» Given information:
----

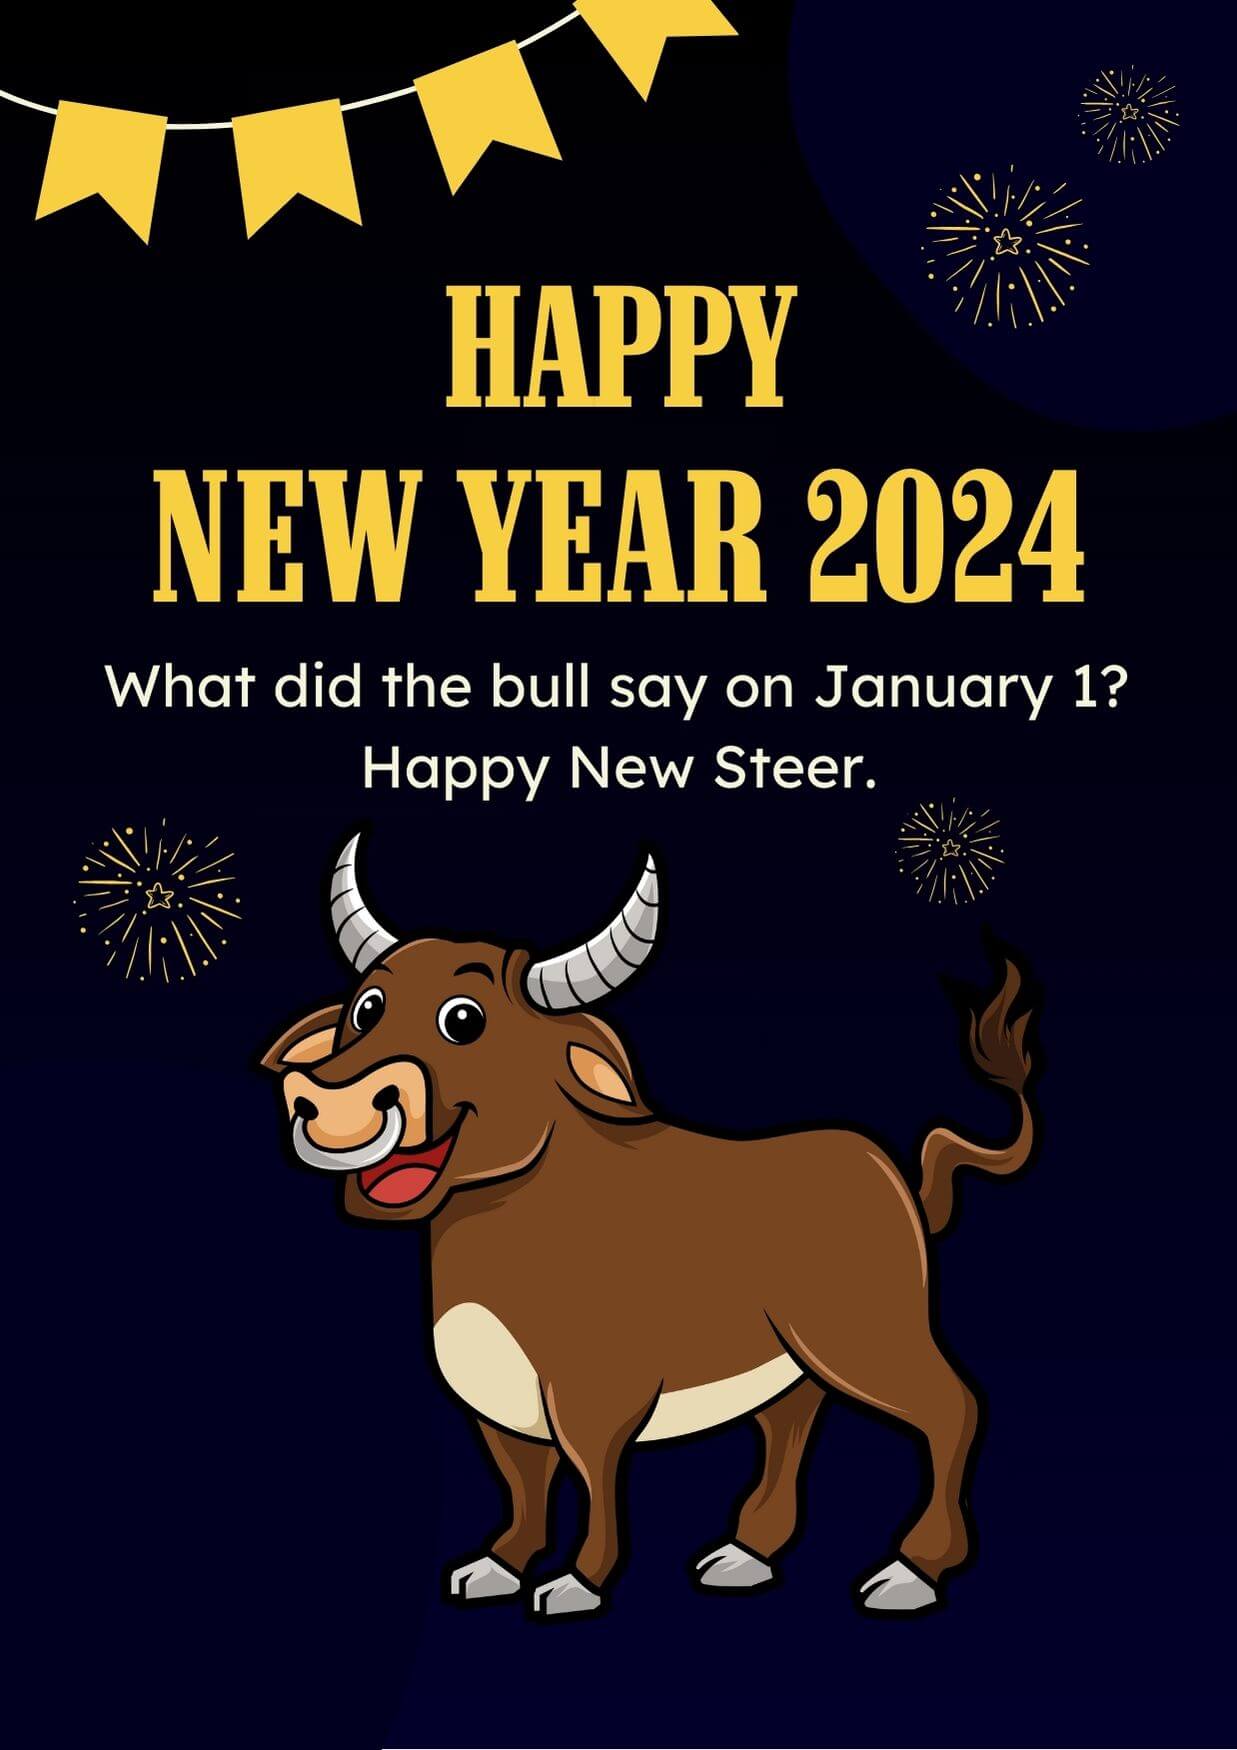 Funny New Year 2024 Jokes To Share On Facebook And Twitter
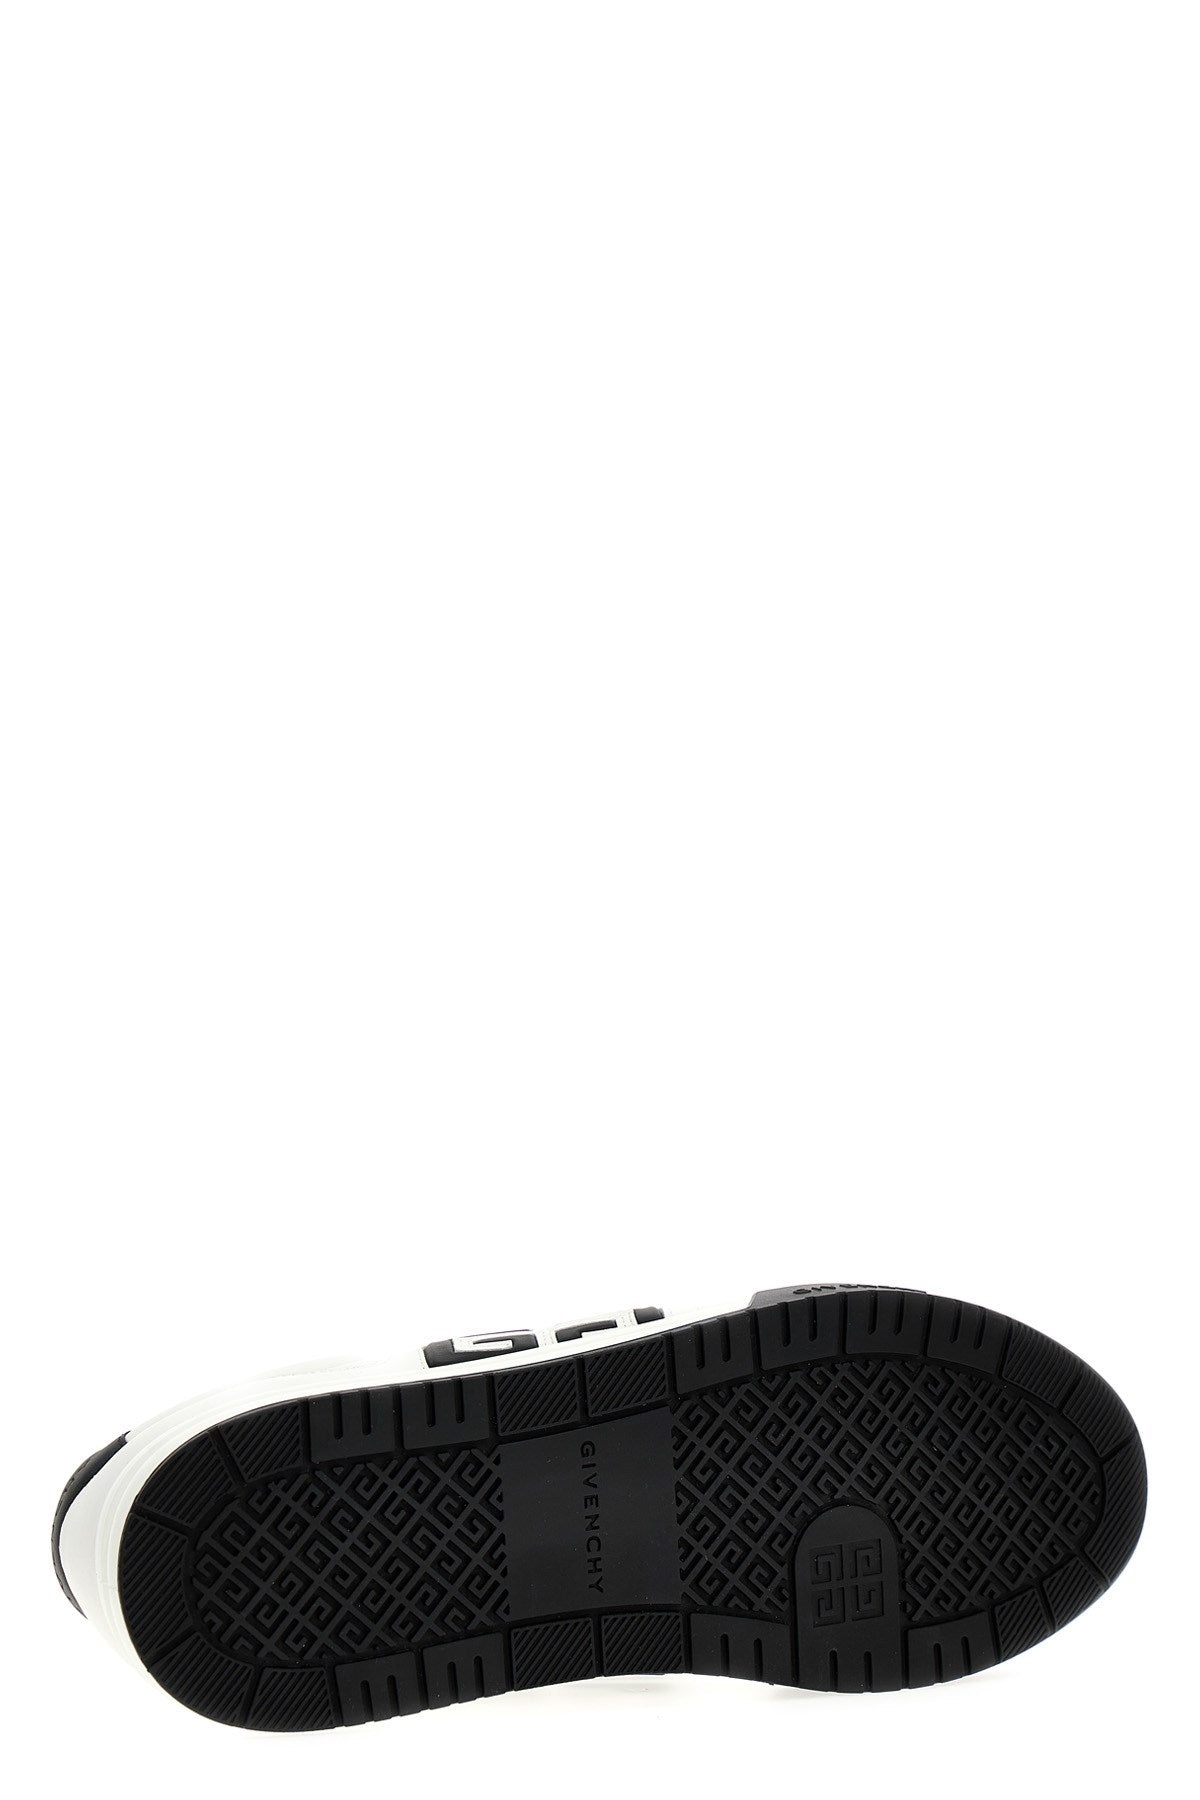 Givenchy Men 'G4' Sneakers - 3
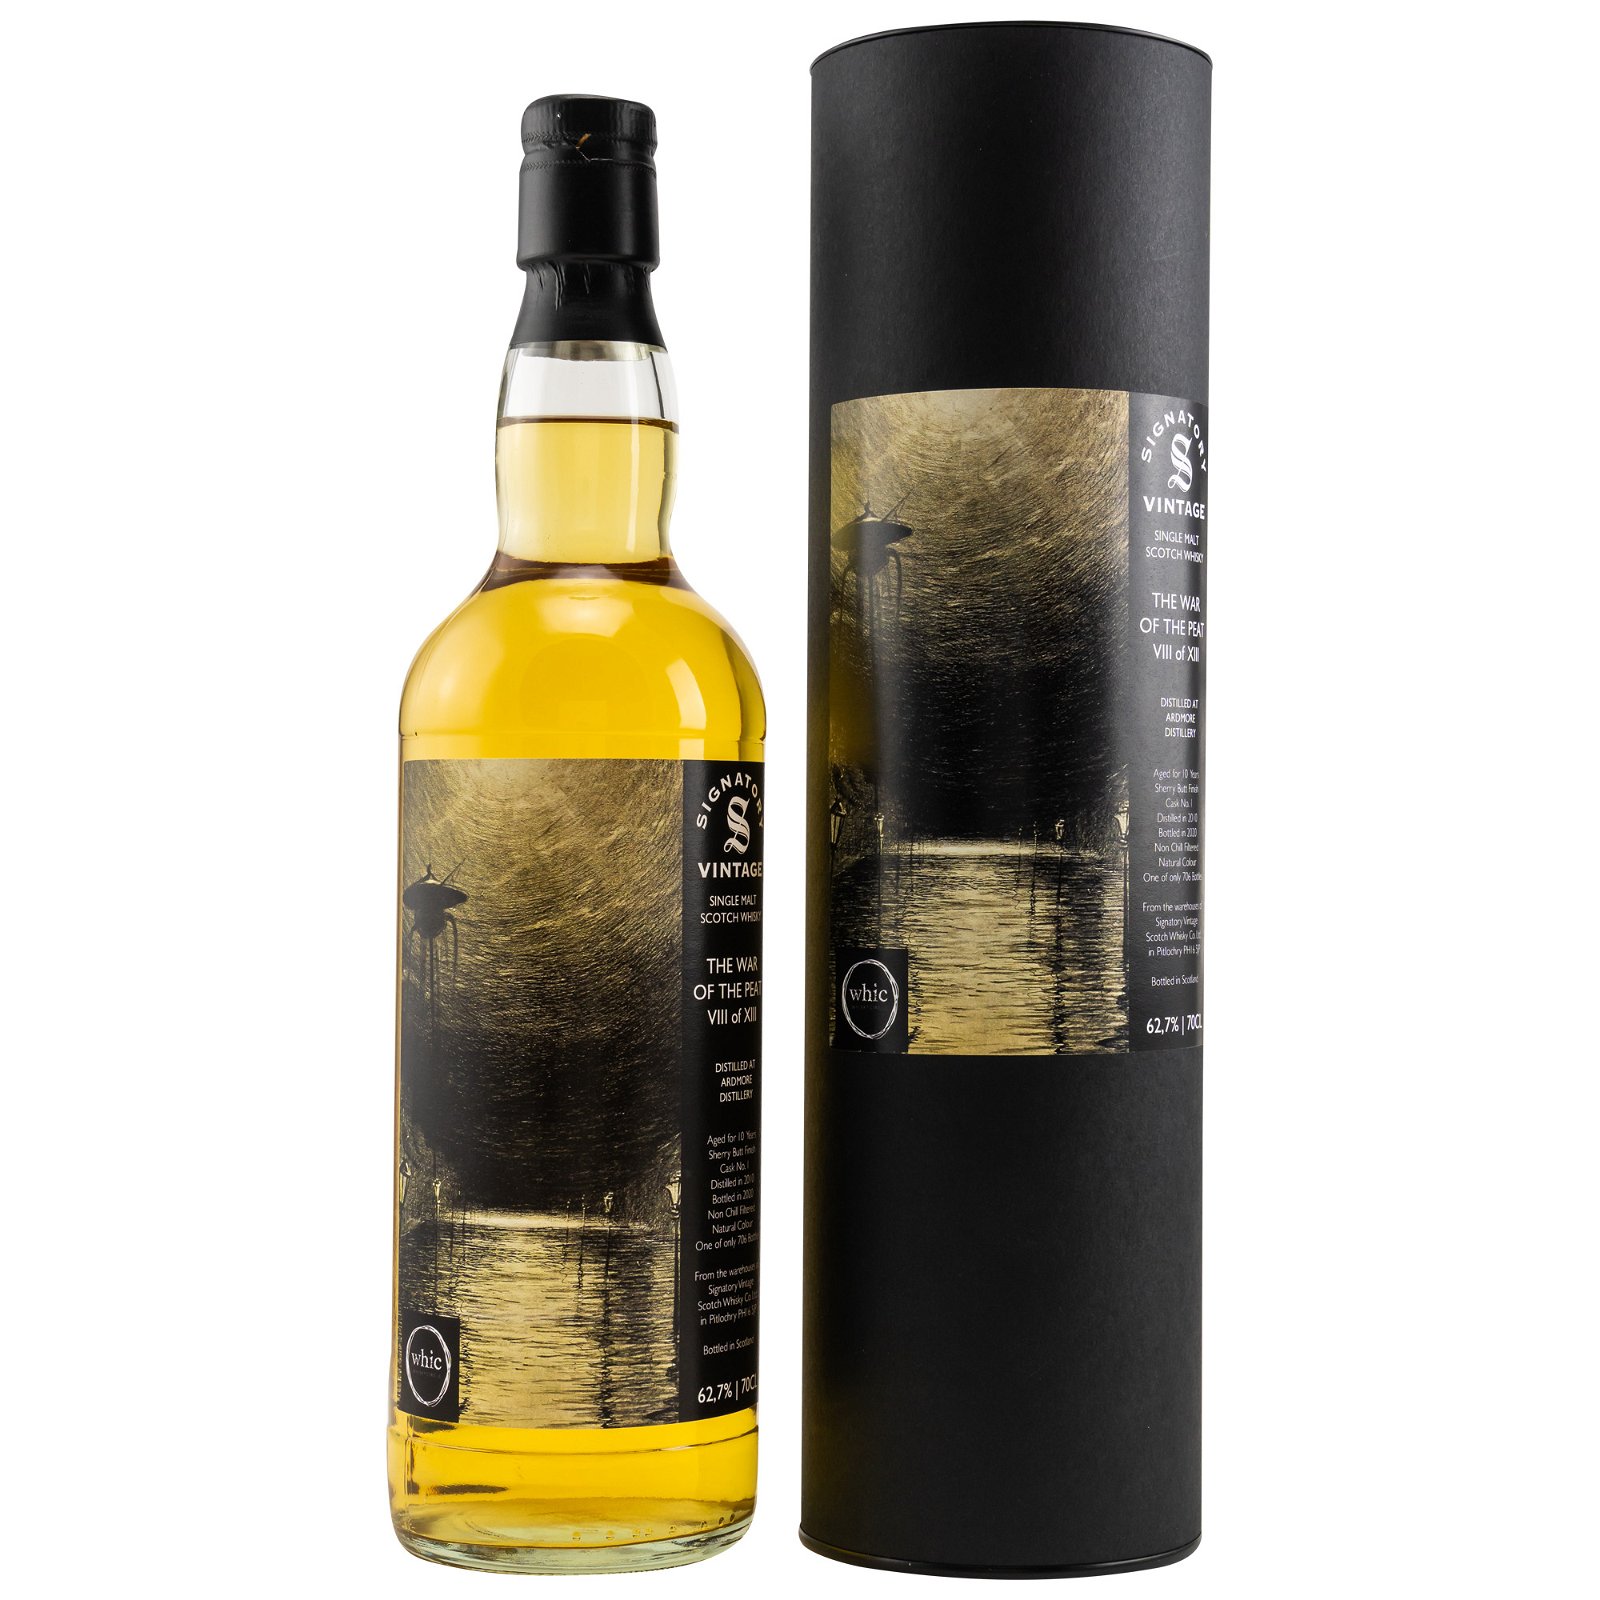  Ardmore 2010/2020 - 10 Jahre Sherry Butt Finish Cask 1 The War of the Peat VIII of XIII (whic)

----

» Instructions to follow:
Your answer must be the full listing, word for word, minus any images.

» Solution to the problem:
 Funny New Year 2024 Jokes To Share On Facebook And Twitter
 Givenchy Men 'G4' Sneakers - 3
  Ardmore 2010/2020 - 10 Jahre Sherry Butt Finish Cask 1 The War of the Peat VIII of XIII (whic)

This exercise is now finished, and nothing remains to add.